IF 2.6 4区 医学 Q1 NURSING Pub Date : 2024-09-16 DOI: 10.1111/jpm.13101
Katharina Sophie Vogt, John Baker, Matthew Morys-Edge, Sarah Kendal, Emily Mizen, Judith Johnson

Introduction: While the concept of psychological safety has been gaining momentum, research concerning psychological safety in inpatient mental health wards is lacking.

Aim: To investigate how psychological safety is conceptualised by healthcare staff in inpatient mental health units, and what barriers and facilitators exist.

Method: Reflexive Thematic Analysis was used to analyse 12 interviews.

Results: Participants conceptualised psychological safety as feeling safe from physical harm, being able to develop meaningful relationships and feeling valued at work. Participants often did not feel physically safe at work, which led them to feel psychologically unsafe. Barriers to psychological safety were reliance on agency workers, punitive management approaches and the inherent risk in working with mental health inpatients. Facilitators included appropriate staffing ratios and skill mix, being able to form meaningful relationships and having access to support.

Discussion: The emphasis on the physical safety element within psychological safety means that existing definitions of psychological safety require extension for the mental healthcare context. However, large-scale research is needed to further understand experiences of psychological safety in this group.

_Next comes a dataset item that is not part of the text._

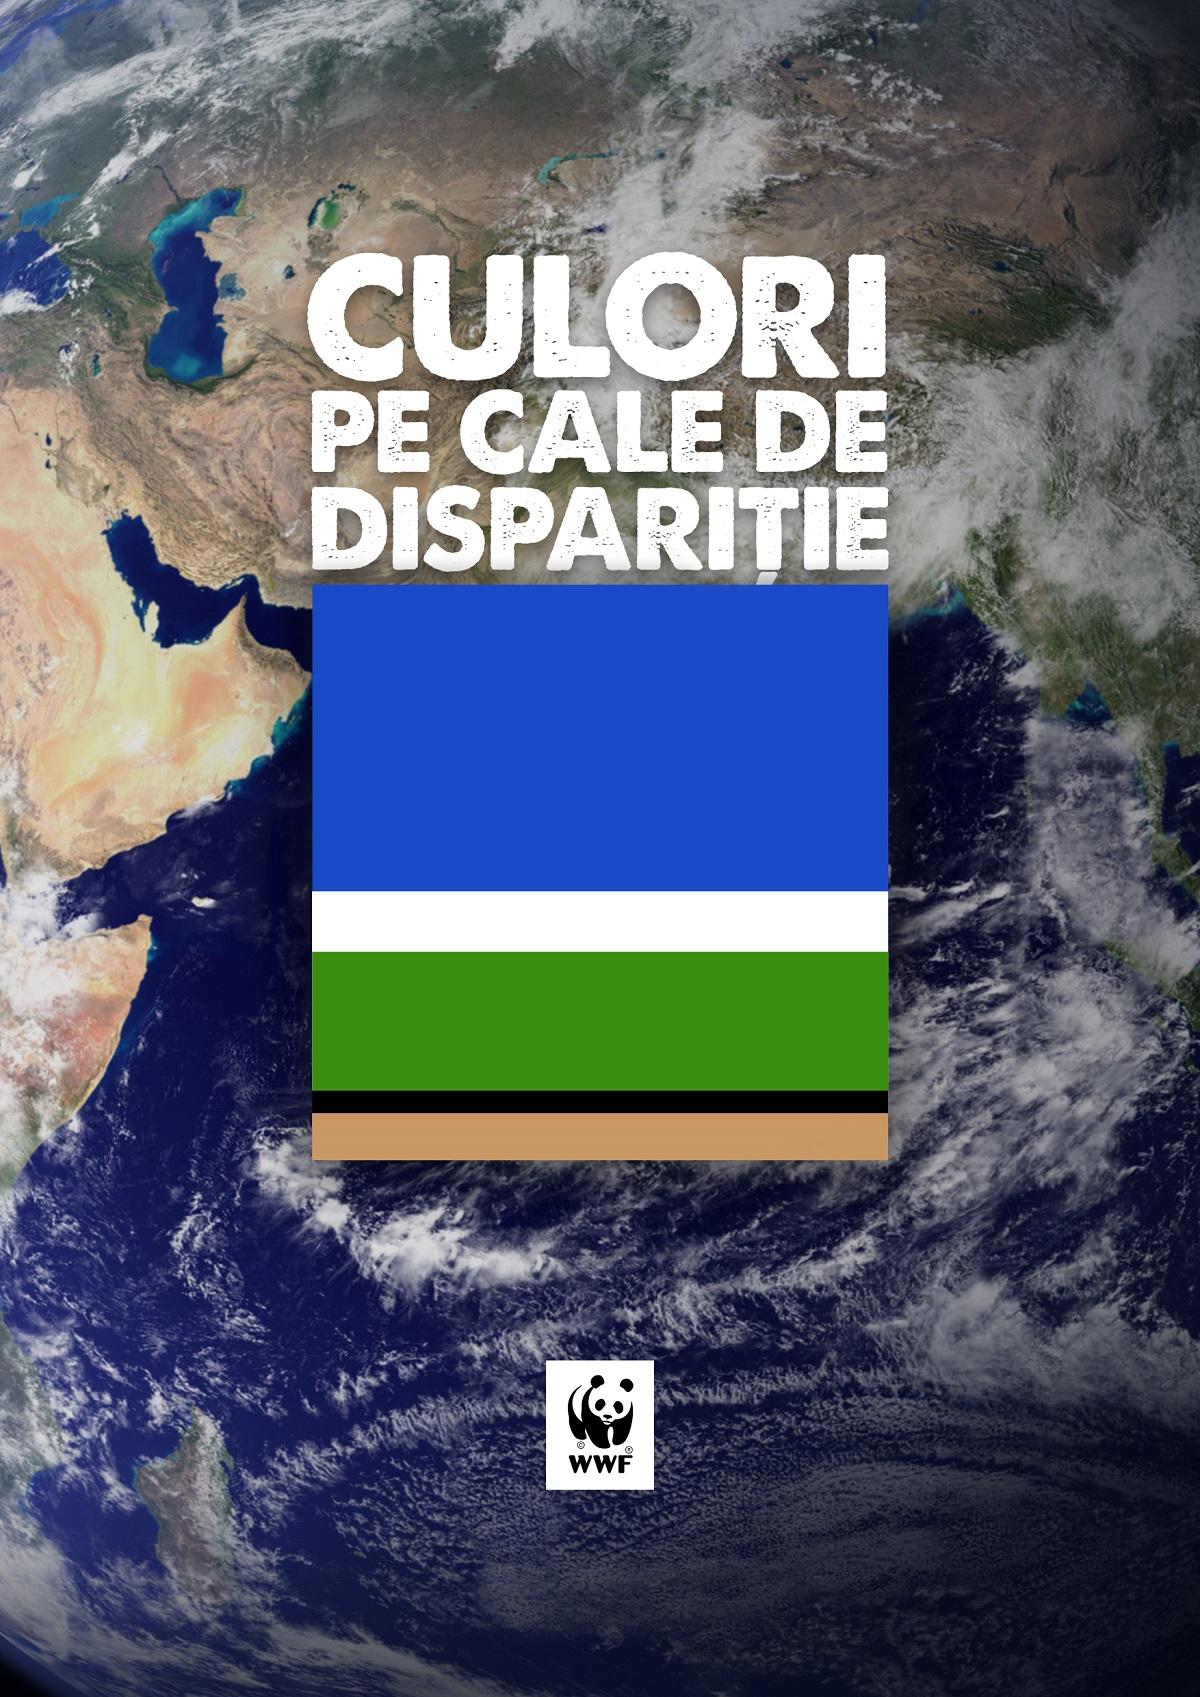 #Culoripecalededisparitie – o platformă de implicare pentru protejarea biodiversității din România

Implications for practice: A better understanding of the dimensions of psychological safety in inpatient mental health settings could support the development of tools to investigate psychological safety interventions. Organisations could support psychological safety through regular staff supervision and improved staffing ratios and skill mix.

引言:虽然心理安全的概念日益受到重视,但有关精神疾病住院病房心理安全的研究却十分缺乏:尽管心理安全的概念已日益深入人心,但有关精神疾病住院病房心理安全的研究却十分匮乏。目的:调查精神疾病住院病房的医护人员如何看待心理安全的概念,以及存在哪些障碍和促进因素:方法:采用反思性主题分析法对 12 个访谈进行分析:结果:受访者认为心理安全的概念是:感觉身体不受伤害、能够发展有意义的人际关系以及感觉在工作中受到重视。参与者经常在工作中感到身体不安全,这导致他们在心理上感到不安全。心理安全的障碍包括对中介员工的依赖、惩罚性的管理方法以及与精神疾病住院患者共事的固有风险。促进因素包括适当的人员配备比例和技能组合、能够建立有意义的关系以及获得支持:讨论:强调心理安全中的人身安全因素,意味着现有的心理安全定义需要针对精神医疗环境进行扩展。然而,要进一步了解这一群体的心理安全体验,还需要进行大规模的研究:对实践的启示:更好地了解住院心理健康环境中心理安全的各个层面,有助于开发调查心理安全干预措施的工具。医疗机构可以通过对员工进行定期督导、改善人员配备比例和技能组合来支持心理安全。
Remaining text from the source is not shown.